This drastically reduced our process reload requirements, and we have no reloads during renewal for these more than 5,000 certificates. With the certificates having different expiration dates, we have roughly 100 renewals per day.
Thanks to our automated process, we have control over our certificates. For example, it's easy to invalidate certificates. We are pretty confident with the lifespan reduction, which will make the 47-day validity reduction easier in 2029.

Now let's go on to the second part: reducing reloads and service provisioning.

Since HAProxy 1.8, the way to provision services is to use server templates.

What are server templates? They're basically placeholders that indicate to HAProxy that a certain number of servers should be pre-provisioned for a given backend.

In this example, you can see that the backend be_dummy-app has pre-allocated four servers from index 0 to 3.

backend be_dummy-app
  timeout server 60s
  option httpchk GET /v1/agent/health/service/name/dummy-app?format=text HTTP/1.0
  http-check send-state default-server check port 8500 no-ssl check maxconn 200
  server-template srv 0-3 0.0.0.0:0 no-ssl check disabled

This can look confusing at first, but if you expand the configuration, this is equivalent to the following:

  server srv0 0.0.0.0:0 no-ssl check disabled
  server srv1 0.0.0.0:0 no-ssl check disabled
  server srv2 0.0.0.0:0 no-ssl check disabled
  server srv3 0.0.0.0:0 no-ssl check disabled

Here, you have server 0 to server 3. The server-template srv is a prefix. 0-3 is the index. Therefore, you have srv0, srv1, srv2, srv3.

This is how it looks in output of the runtime call show stat.
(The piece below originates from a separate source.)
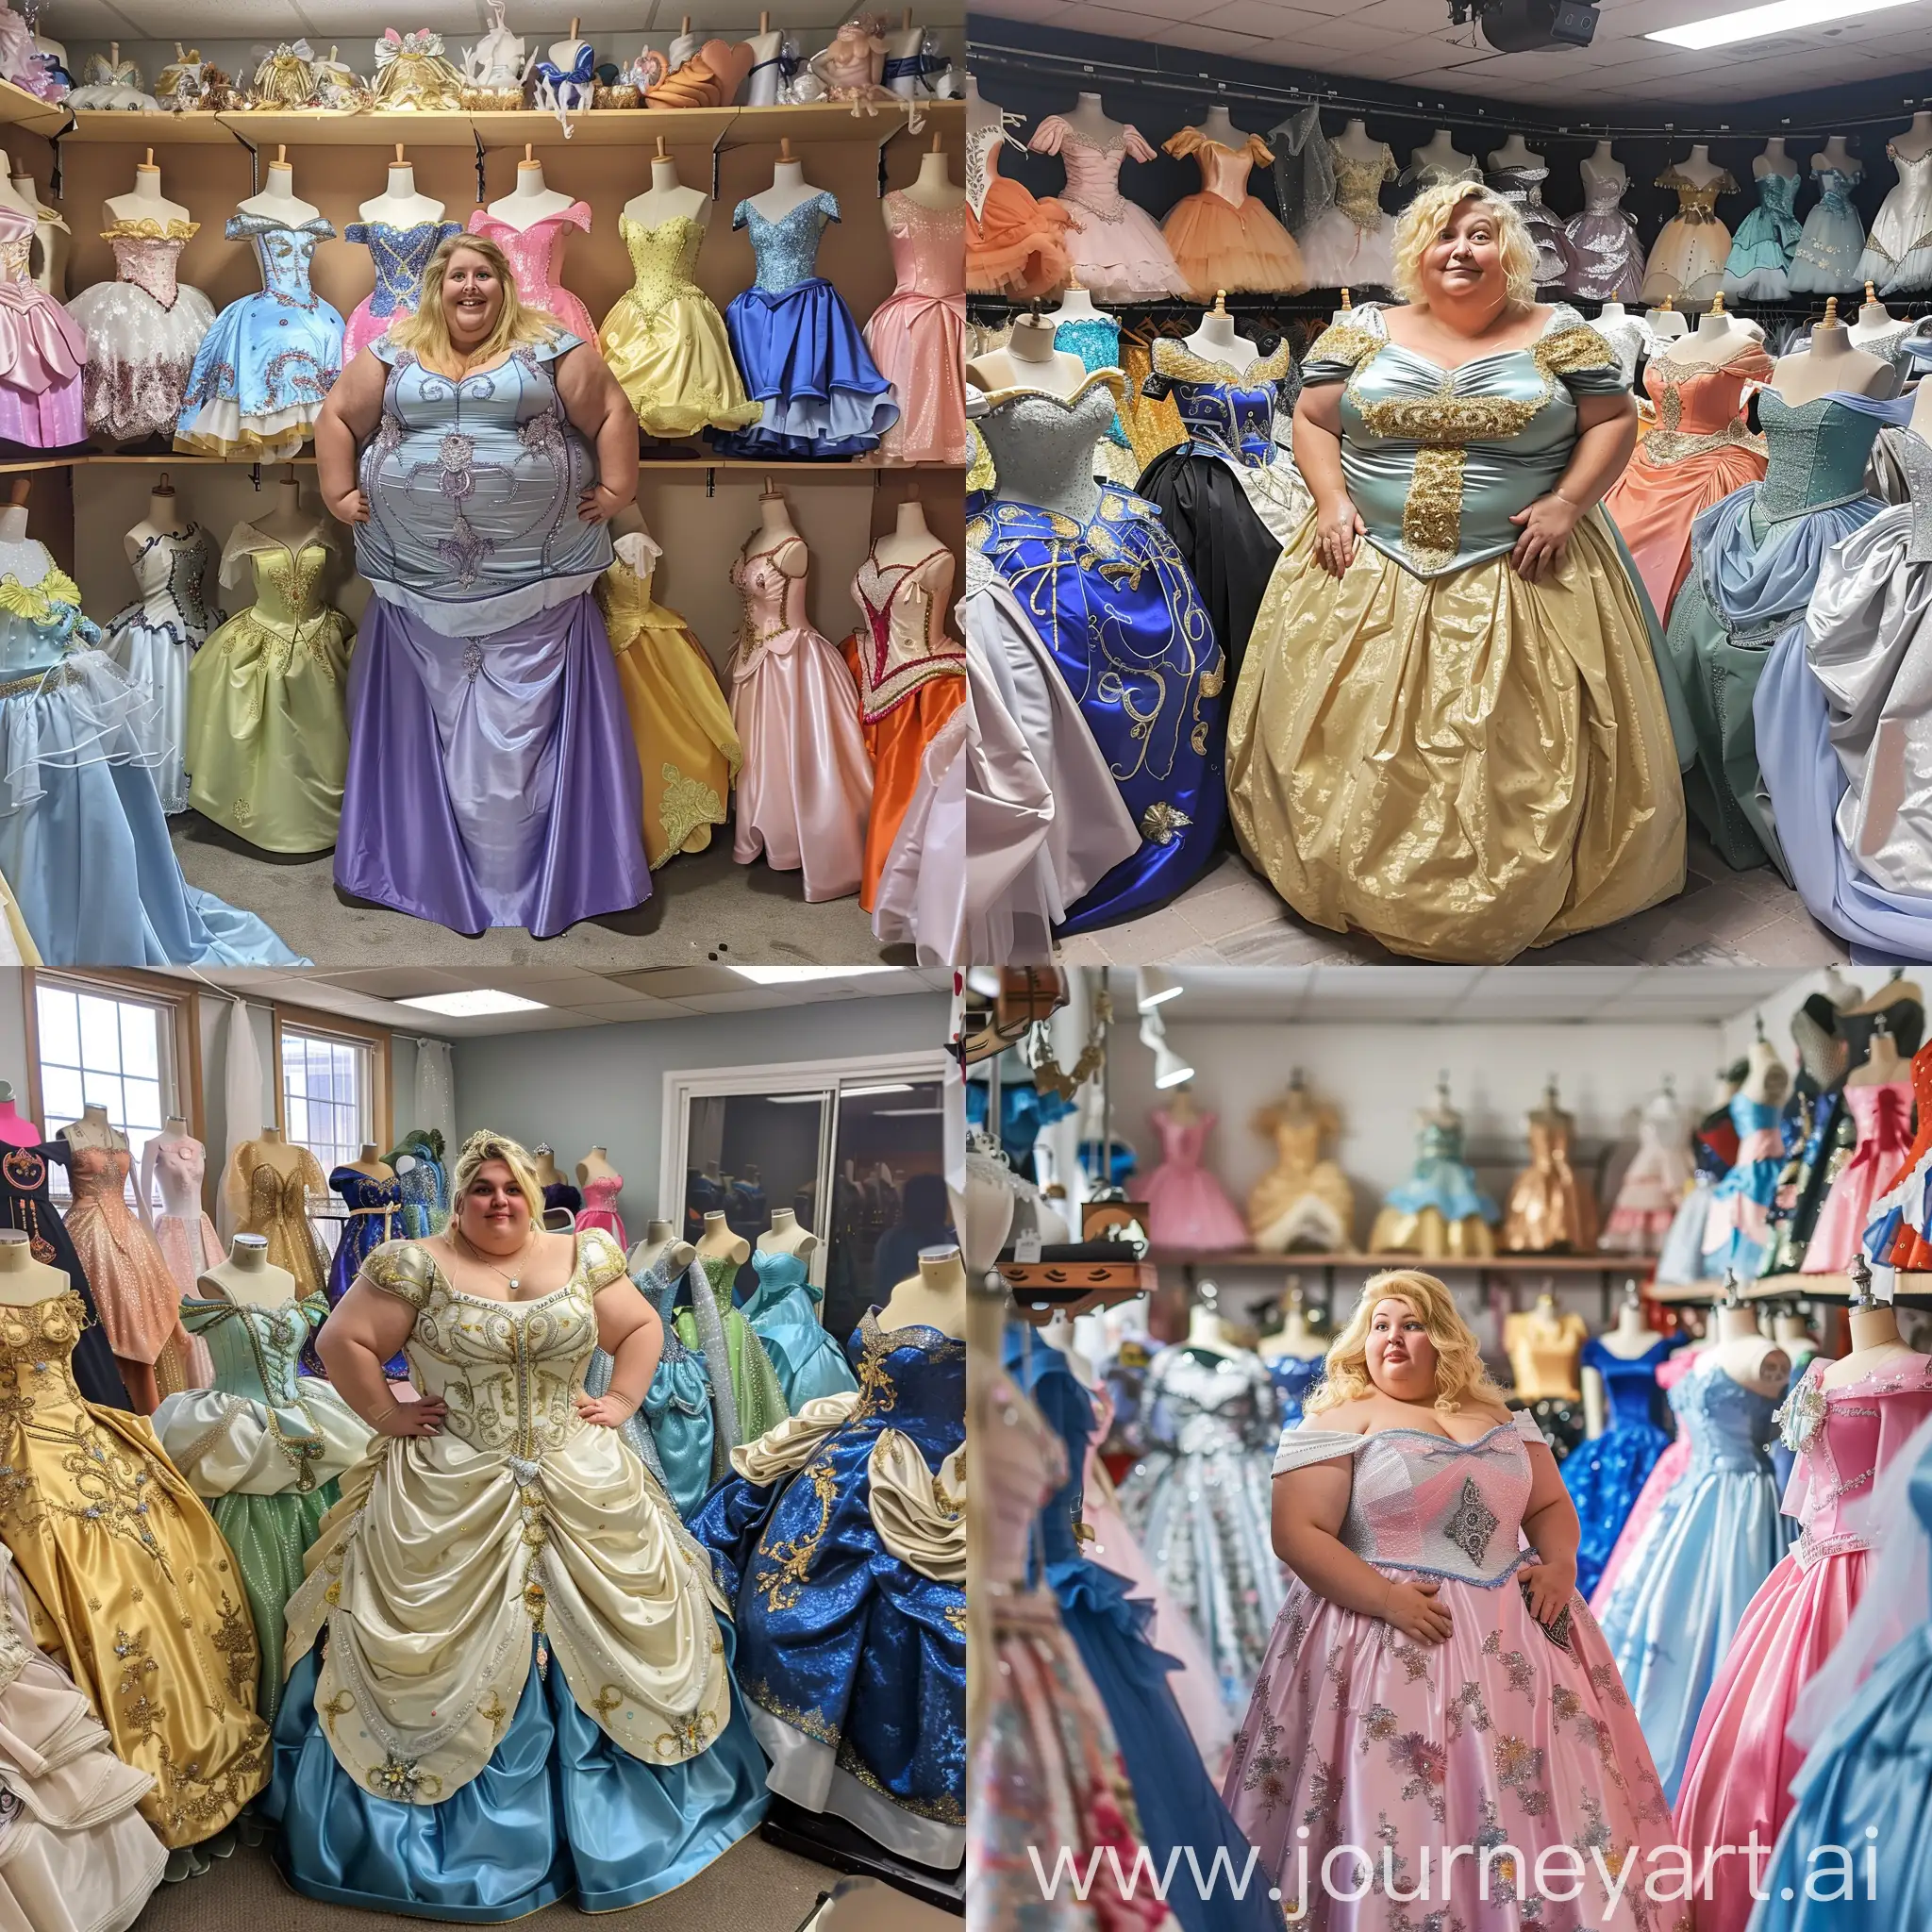 Deluxe-Fantasy-Princess-Costume-Studio-Fat-Blonde-Woman-Surrounded-by-Assorted-Dresses

You have server 0 to server 3 in MAINT state.

To provision a new server, you simply replace an unused server using the set server command.

One of the limitations of this model is that if you fill out all the servers at server 0 to 3, you need to update the server-template to extend the number of servers you can handle, and therefore, you need to reload HAProxy. This solution worked well until our users started using the "autoscaler" for the application.

We began to see the following pattern application/instance-wise.

Here, we observe an increase of 100 instances. During the morning, we see an increase from 115 instances to 600. So, you can imagine that using a server-template is not very well adapted for our pattern, as it needs too many reloads.

Here is where the dynamic server API comes in. This feature has been available since HAProxy 2.5. Let's now take a look at the configuration part.

First, it was a design choice that there's no more default values, so you can't set the default values. It's possible that for the service, you need to specify all the values at the server line, and therefore you should remove the default server option.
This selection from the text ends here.